Php Folks,
My following 3 codes work.
The final two are the same except the latter one suppresses the WARNINGS.
Now, the difference between the first one and the second one is that the first one uses file_get_html() function while the second one uses cURL (aswell as the third one).
Anyway, trying to combine the two codes for some reasons which I will get into once this problem is solved.
I get error:
Fatal error: Uncaught Error: Call to a member function find() on string in C:\xampp\htdocs\cURL\crawler.php:24 Stack trace: #0 {main} thrown in C:\xampp\htdocs\cURL\crawler.php on line 24
WORKING CODE 1
PHP Code:
FINDING HTML ELEMENTS BASED ON THEIR TAG NAMES
Suppose you wanted to find each and every image on a webpage or say, each and every hyperlink.

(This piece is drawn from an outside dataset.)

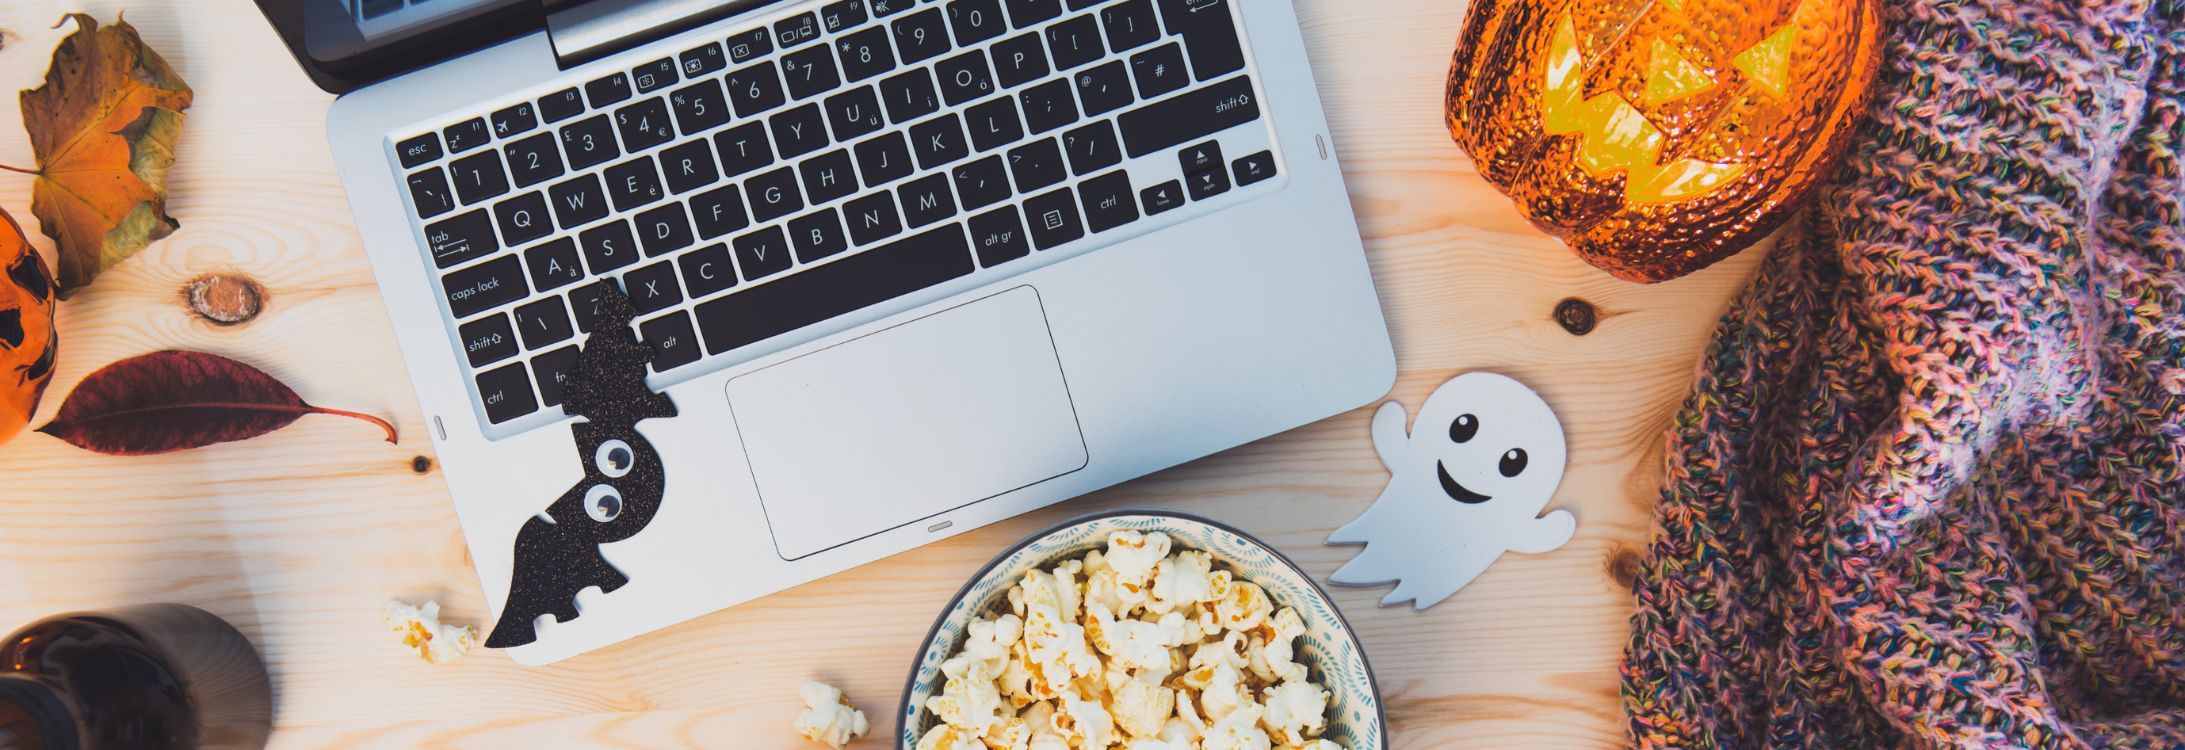 Laptop with Halloween themed decor & snacks - Halloween Movie Night Snacks blog cover

We will be using “find” function to extract this information from the object. Here’s how to do it using Simple HTML DOM Parser :
*/
include('simple_html_dom.php');
$html = file_get_html('http://google.com');
//to fetch all hyperlinks from a webpage
$links = array();
foreach($html->find('a') as $a) {
$links[] = $a->href;
}
print_r($links);
echo "<br />";
//to fetch all images from a webpage
$images = array();
foreach($html->find('img') as $img) {
$images[] = $img->src;
}
print_r($images);
echo "<br />";
//to find h1 headers from a webpage
$headlines = array();
foreach($html->find('h1') as $header) {
$headlines[] = $header->plaintext;
}
print_r($headlines);
echo "<br />";
?>
WORKING CODE 2
PHP Code:
<?php
/*
2a. Scrape Urls & Anchors And Echo Them By NOT Suppressing Warnings.

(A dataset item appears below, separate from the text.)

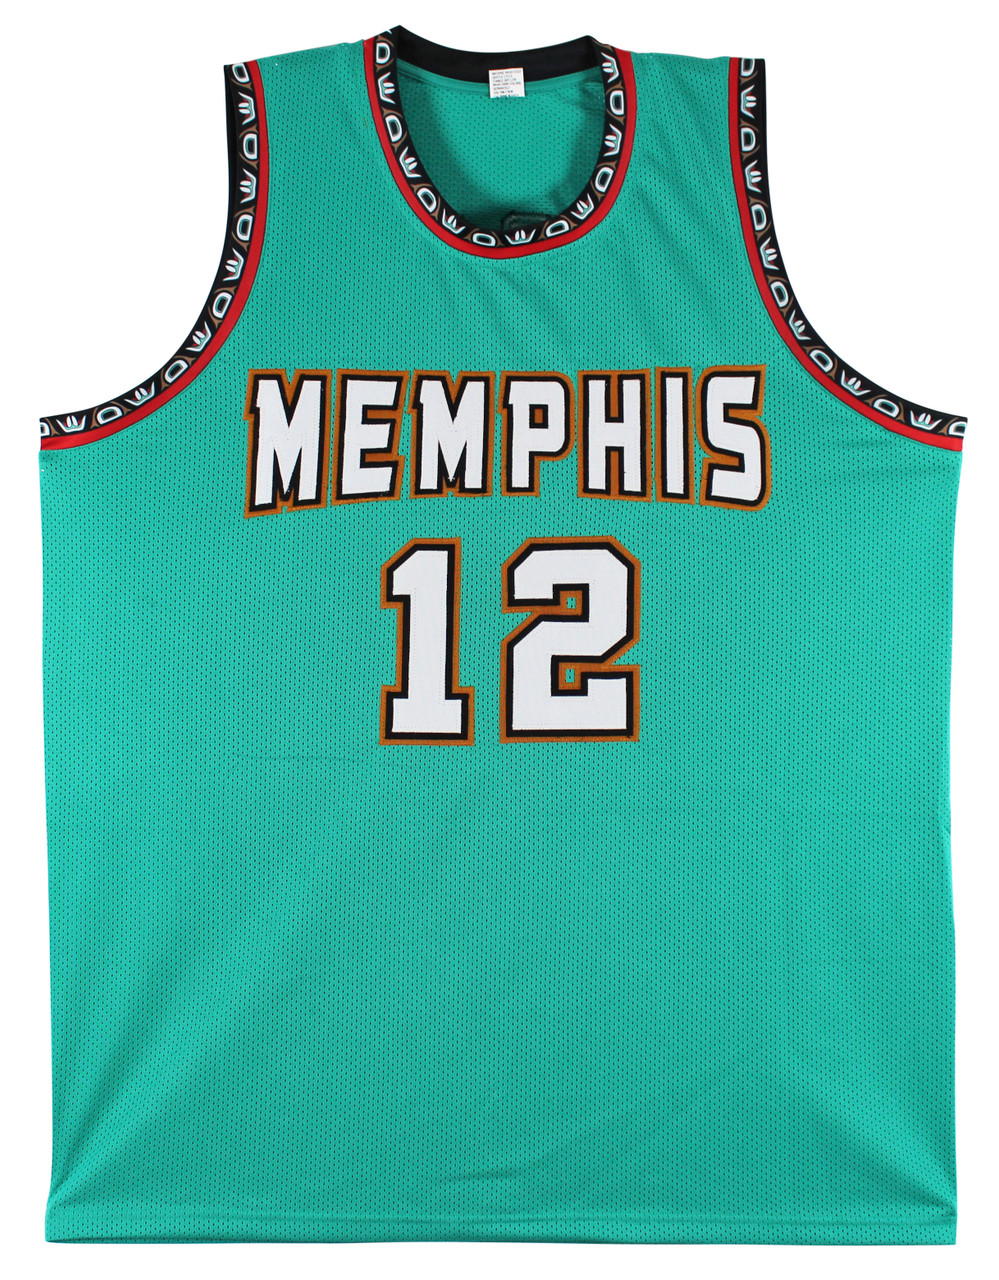 Ja Morant Memphis Grizzlies Signed Authentic NBA Swingman Nike Jersey BAS

Using PHP's DOM functions to
fetch hyperlinks and their anchor text
*/
$url = 'https://google.com';
$curl = curl_init($url);
curl_setopt($curl, CURLOPT_RETURNTRANSFER, 1);
curl_setopt($curl, CURLOPT_FOLLOWLOCATION, 1);
curl_setopt($curl, CURLOPT_SSL_VERIFYPEER, 0);
curl_setopt($curl, CURLOPT_SSL_VERIFYHOST, 0);
$data = curl_exec($curl);
// DO NOT Hide HTML warnings
libxml_use_internal_errors(true);
$dom = new DOMDocument;
// echo Links and their anchor text
echo '<pre>';
echo "Link\tAnchor\n";
foreach($dom->getElementsByTagName('a') as $link) {
$href = $link->getAttribute('href');
$anchor = $link->nodeValue;
echo $href,"\t",$anchor,"\n";
}
echo '</pre>';
?>
WORKING CODE 3
PHP Code:
<?php
/*
2b. Scrape Urls & Anchors And Echo Them By Suppressing Warnings.
Using PHP's DOM functions to
fetch hyperlinks and their anchor text
*/
$url = 'https://google.com';
$curl = curl_init($url);
curl_setopt($curl, CURLOPT_RETURNTRANSFER, 1);
curl_setopt($curl, CURLOPT_FOLLOWLOCATION, 1);
curl_setopt($curl, CURLOPT_SSL_VERIFYPEER, 0);
curl_setopt($curl, CURLOPT_SSL_VERIFYHOST, 0);
$data = curl_exec($curl);
// Hide HTML warnings
libxml_use_internal_errors(true);
$dom = new DOMDocument;
if($dom->loadHTML($data, LIBXML_NOWARNING)){
// echo Links and their anchor text
echo '<pre>';
echo "Link\tAnchor\n";
foreach($dom->getElementsByTagName('a') as $link) {
$href = $link->getAttribute('href');
$anchor = $link->nodeValue;
echo $href,"\t",$anchor,"\n";
}
echo '</pre>';
}else{
echo "Failed to load html.";
}
?>
Here is the code I am getting the error:
PHP Code:
<?php
/* FROM dom_crawler_NOTES.php file.
2.
FINDING HTML ELEMENTS BASED ON THEIR TAG NAMES
Suppose you wanted to find each and every link on a webpage.
We will be using “find” function to extract this information from the object. Here’s how to do it using Simple HTML DOM Parser :
*/
include('simple_html_dom.php');
$url = 'https://www.yahoo.com';
$curl = curl_init($url);
curl_setopt($curl, CURLOPT_RETURNTRANSFER, 1);
curl_setopt($curl, CURLOPT_FOLLOWLOCATION, 1);
curl_setopt($curl, CURLOPT_SSL_VERIFYPEER, 0);
curl_setopt($curl, CURLOPT_SSL_VERIFYHOST, 0);
$html = curl_exec($curl);
//to fetch all hyperlinks from a webpage
$links = array();
foreach($html->find('a') as $a) {
$links[] = $a->href;
}
print_r($links);
echo "<br />";
?>
Fatal error: Uncaught Error: Call to a member function find() on string in C:\xampp\htdocs\cURL\crawler.php:24 Stack trace: #0 {main} thrown in C:\xampp\htdocs\cURL\crawler.php on line 24
Why error in this line ? ....
PHP Code:
foreach($html->find('a') as $a) {
Why script failing to acknowledge the "find" when it exists in the file:
include('simple_html_dom.php');
The simple_html_dom.php file can be downloaded from here:
https://sourceforge.net/projects/simplehtmldom/files/
Look at the first 3 scripts in this post. The first script uses this "simple_html_dom.php" and it had no problem using the "find".
Since on my latter script's code I referenced it to this "simple_html_dom.php" and it is residing in the same directory on my xamp then I should not be getting this silly error:
Fatal error: Uncaught Error: Call to a member function find() on string in C:\xampp\htdocs\cURL\crawler.php:24 Stack trace: #0 {main} thrown in C:\xampp\htdocs\cURL\crawler.php on line 24
Now should I ?